▶ What you should do: Set out word for word the line that contains "essence Lash Princess" and each line after it, through the end of the data below, but exclude the pictures.

▶ Data:
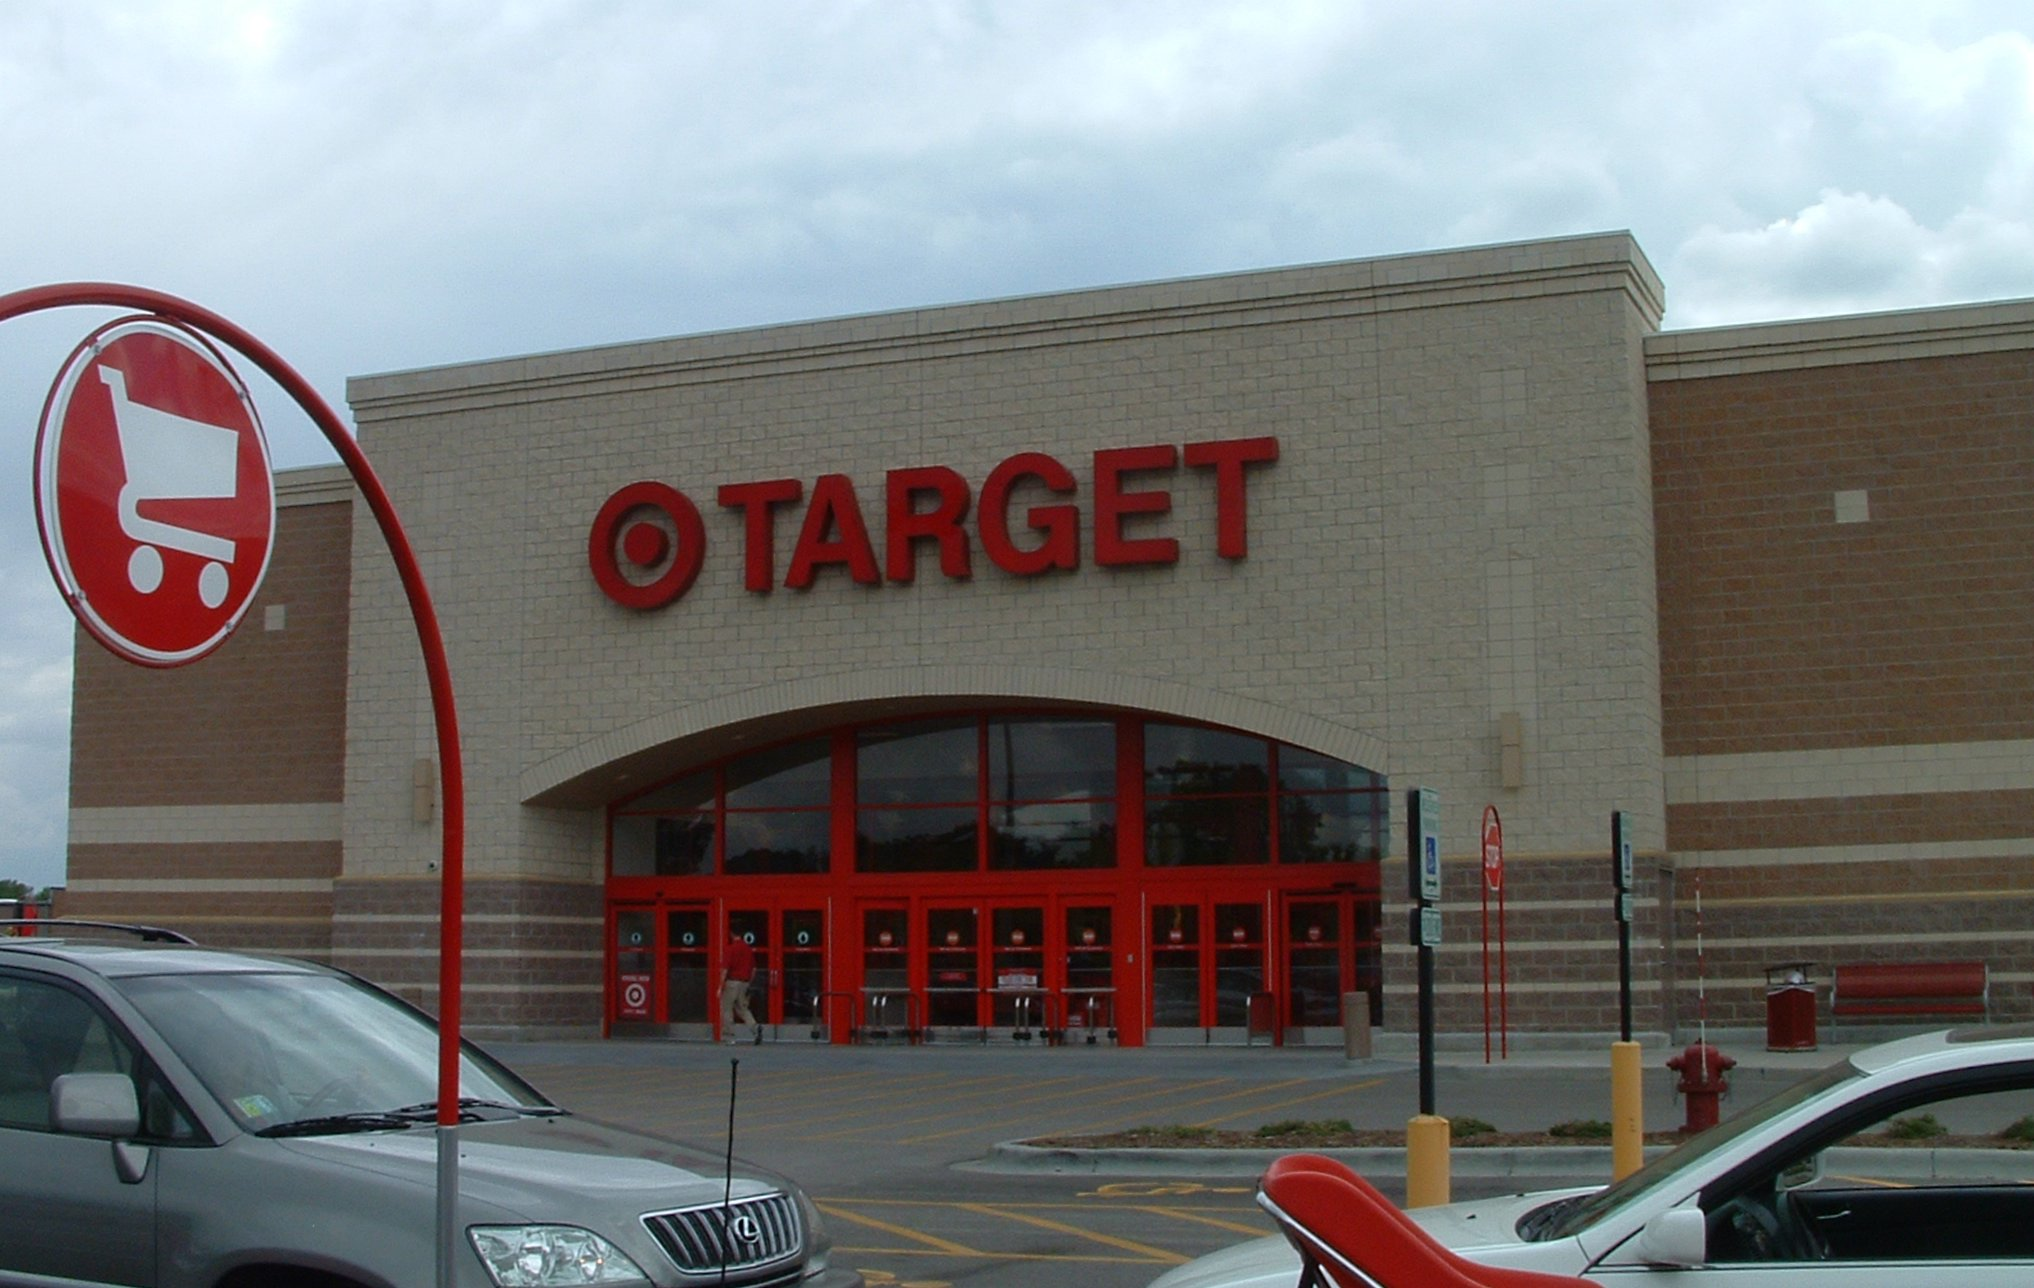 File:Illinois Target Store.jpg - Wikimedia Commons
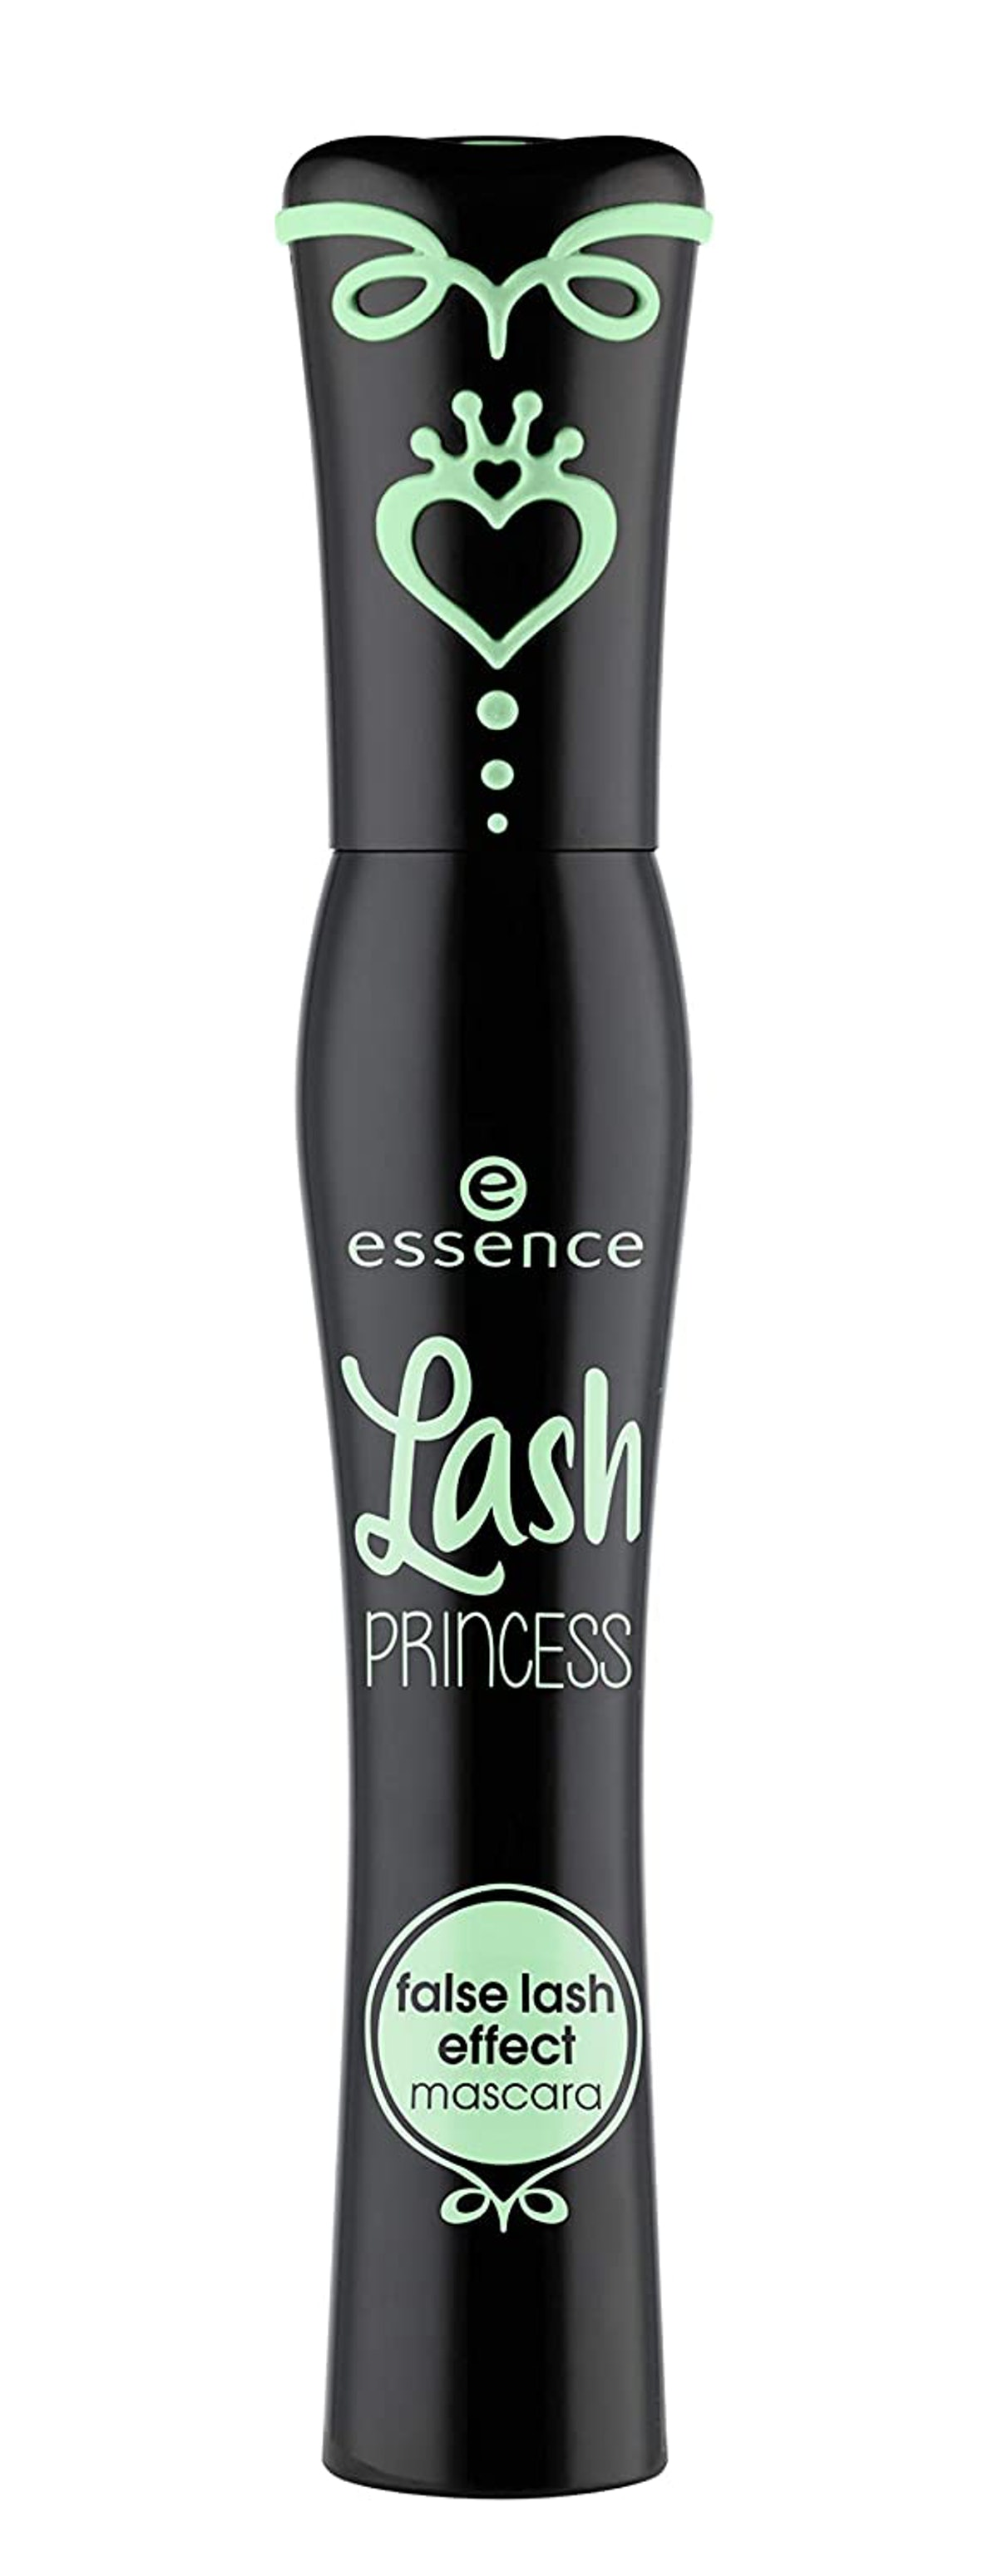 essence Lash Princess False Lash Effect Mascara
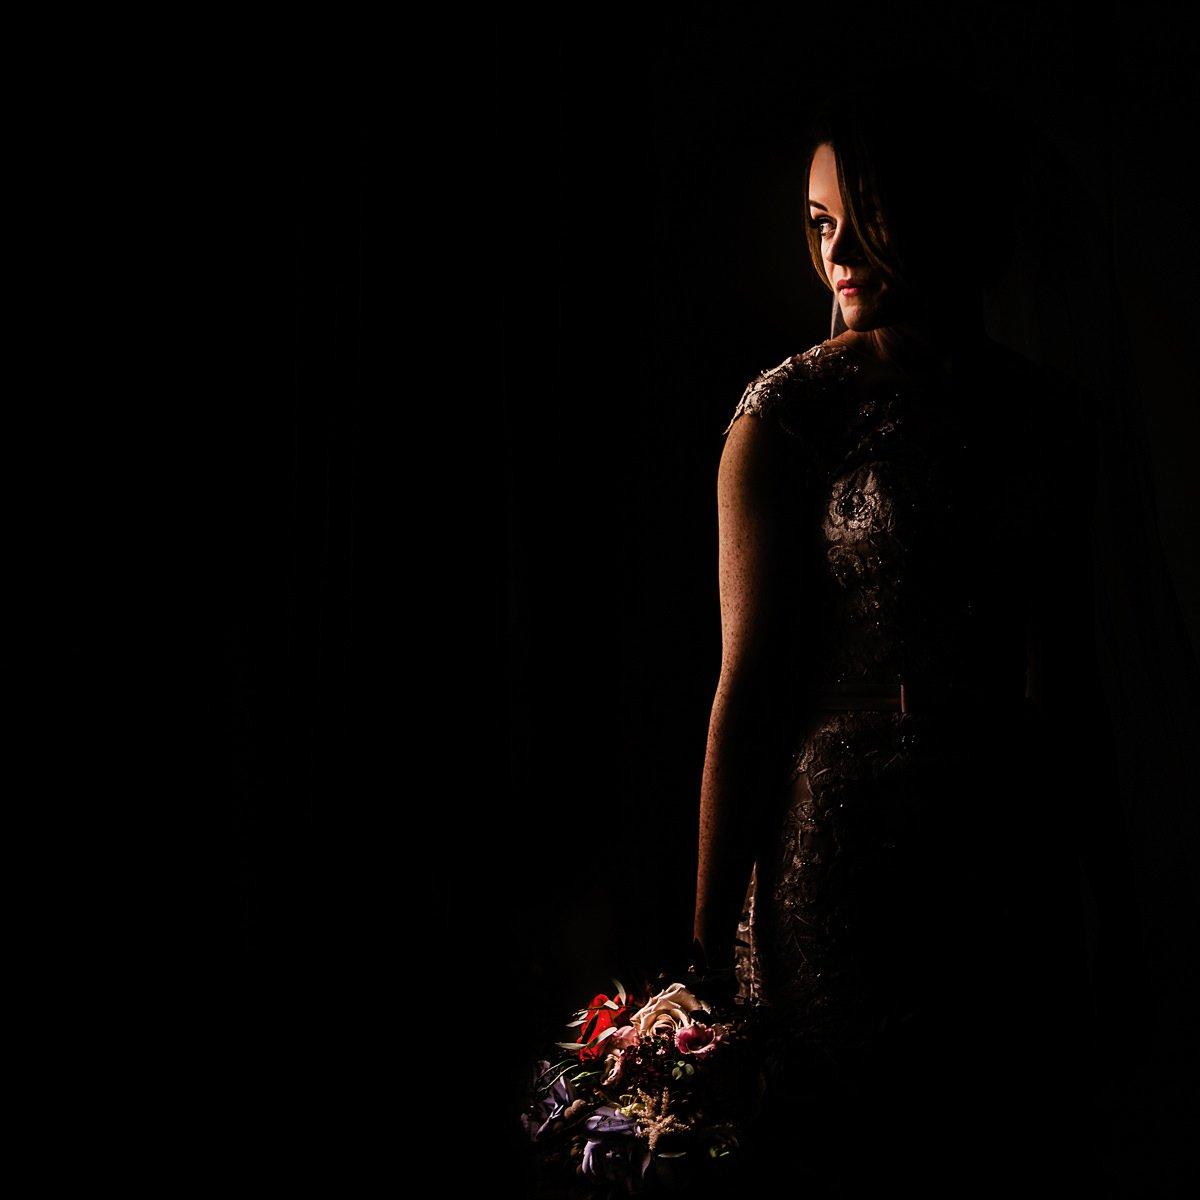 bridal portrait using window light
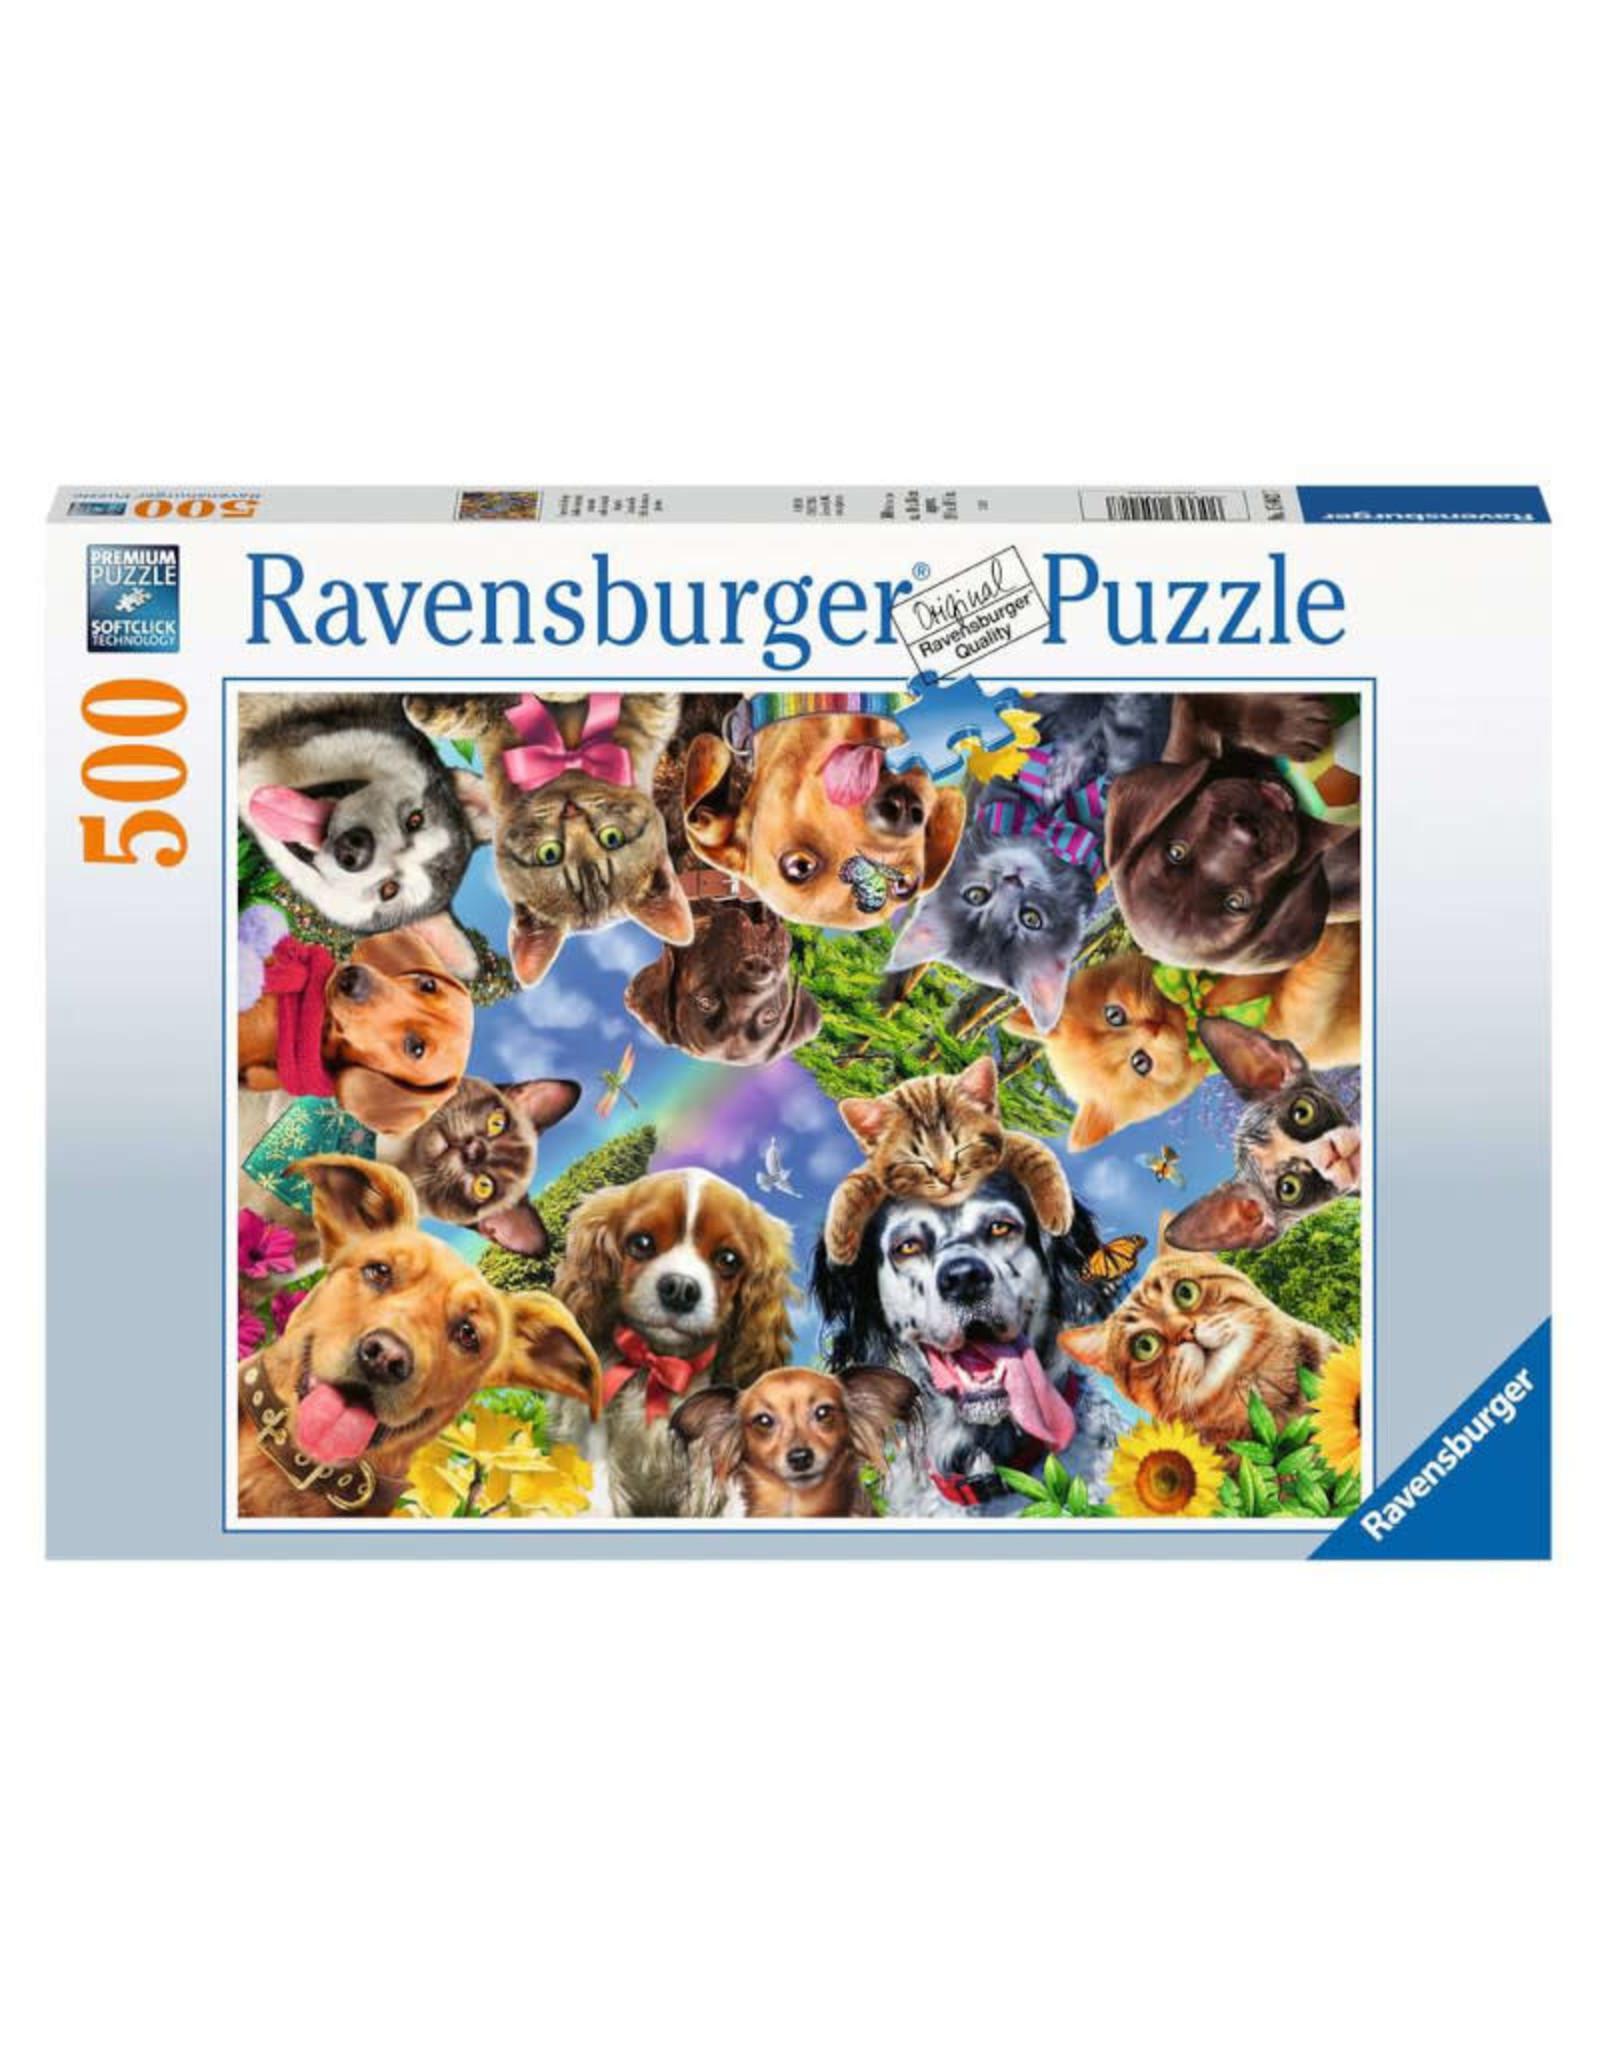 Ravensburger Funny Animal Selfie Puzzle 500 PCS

▶ Solution for this task:
 essence Lash Princess False Lash Effect Mascara
 bridal portrait using window light
 Ravensburger Funny Animal Selfie Puzzle 500 PCS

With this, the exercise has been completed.